The classification results from {P_s, P_d, P_v, POA, and HA variances} are shown in Figure 5c. We can observe that the proposed parameters effectively improve the classification accuracy of orthogonal buildings, oriented buildings, and chaparals. To conduct further analysis, the POA variance and HA variance are shown in Figure 7b,c. The POA variance is small in the orthogonal building area and large in the chaparral area. Such differences make it possible to distinguish chaparals from oriented buildings. The HA variance of the orthogonal building area is smaller than that of the oriented building area and chaparral area, which can be used to identify the orthogonal buildings. By introducing POA and HA variance, the proposed method can provide better classification results than POA randomness. The reason for this advantage is that firstly, all POA values are divided into 10 groups, which better reflects the detailed information of different categories compared to dividing POA values into 5 groups in the literature [40]. In addition, variance is more conducive to extracting detailed information than randomness. According to the definition of these two parameters, the value range of variance is much larger than that of randomness. Secondly, the texture information of POA and HA can reflect the differences between these three kinds of ground targets, but the scattering power is limited in terms of this aspect.

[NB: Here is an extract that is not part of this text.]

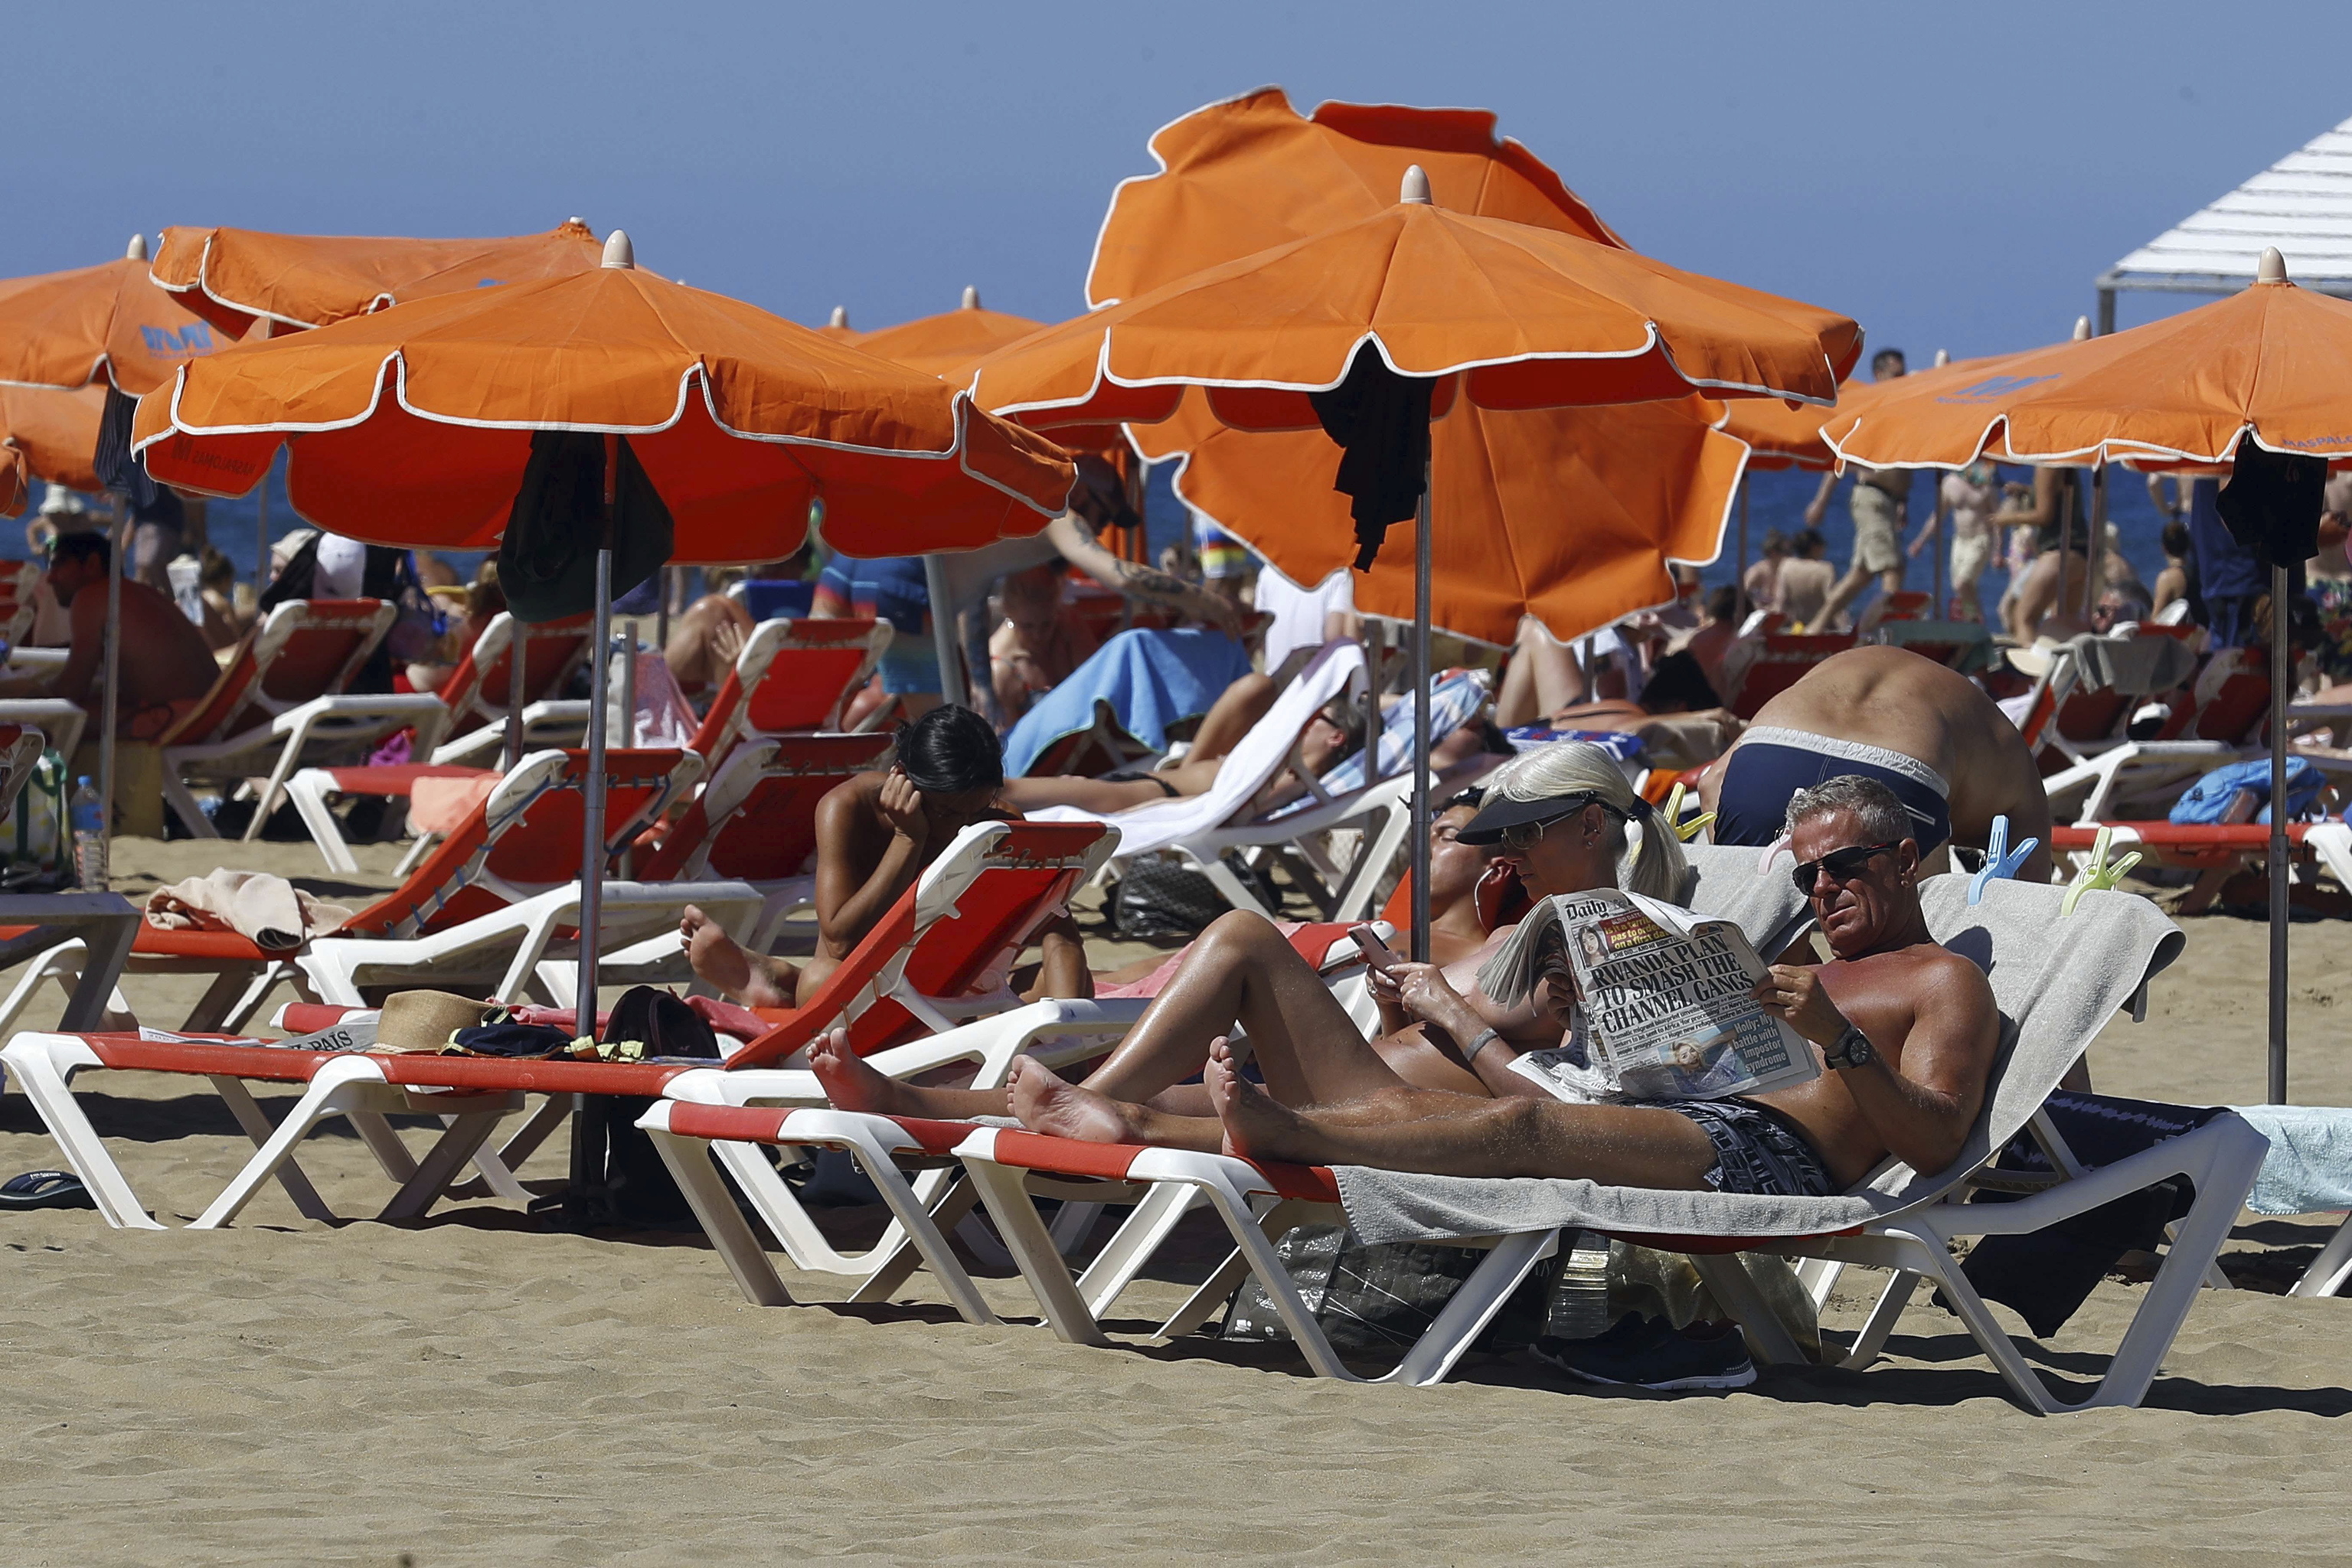 La playa de Maspalomas en Gran Canaria llena de turistas.

The ability of POA and HA variances to distinguish the three ground targets was quantitatively analyzed, as shown in

Table 2. Quantitative classification results from {P_s, P_d, P_v}.

Classification	Orthogonal Buildings	Oriented Buildings	Chaparral
Orthogonal buildings	58.91%	4.92%	0.99%
Oriented buildings	20.04%	29.23%	1.20%
Chaparral	21.05%	65.85%	97.81%
Overall accuracy	68.67%	Kappa coefficient	0.50

,

Table 3. Quantitative classification results from {P_s, P_d, P_v, and POA randomness}.

Classification	Orthogonal Buildings	Oriented Buildings	Chaparral
Orthogonal buildings	83.88%	6.57%	0.88%
Oriented buildings	10.62%	38.88%	1.30%
Chaparral	5.50%	54.55%	97.82%
Overall accuracy	80.20%	Kappa coefficient	0.68

and

Table 4. Quantitative classification results from {P_s, P_d, P_v, POA, and HA variances}.

Classification	Orthogonal Buildings	Oriented Buildings	Chaparral
Orthogonal buildings	89.39%	4.76%	1.37%
Oriented buildings	4.37%	51.39%	0.59%
Chaparral	6.24%	43.85%	98.04%
Overall accuracy	85.00%	Kappa coefficient	0.76

. Compared with existing methods, the classification accuracy obtained by the proposed method was improved by 23.78% and 5.98%, respectively. Thus, introducing POA and HA variances effectively improves the distinction between different targets. The improvement in the classification accuracy of orthogonal buildings and oriented buildings is the most obvious. The reason for this is that the proposed parameters reflect the difference between buildings with different orientation angles. As shown in Figure 8, the POA variance is small in the orthogonal buildings since the SAR signal returns directly after interacting with the dihedral structure formed by the ground and building walls. In oriented buildings, the SAR signal bounces between buildings, so the POA variance increases. Therefore, the POA variance effectively improves the distinguishability between orthogonal and oriented buildings. In addition, introducing HA variance further improves the classification accuracy of the oriented buildings. In addition to the rotation, the features of ground objects described by HA also include structures with different distances from radar signals. Therefore, introducing POA and HA variance can help to fully explore the distribution characteristics of different ground types.

4.2. Oakland Test Site

The C-band GF-3 PolSAR data were used to further validate the proposed method. A multi-look operation was applied to reduce the speckle noise. The final azimuth and range resolutions were approximately 6 m and 5 m, respectively. The Pauli color-coded map and ground truth map are shown in Figure 8.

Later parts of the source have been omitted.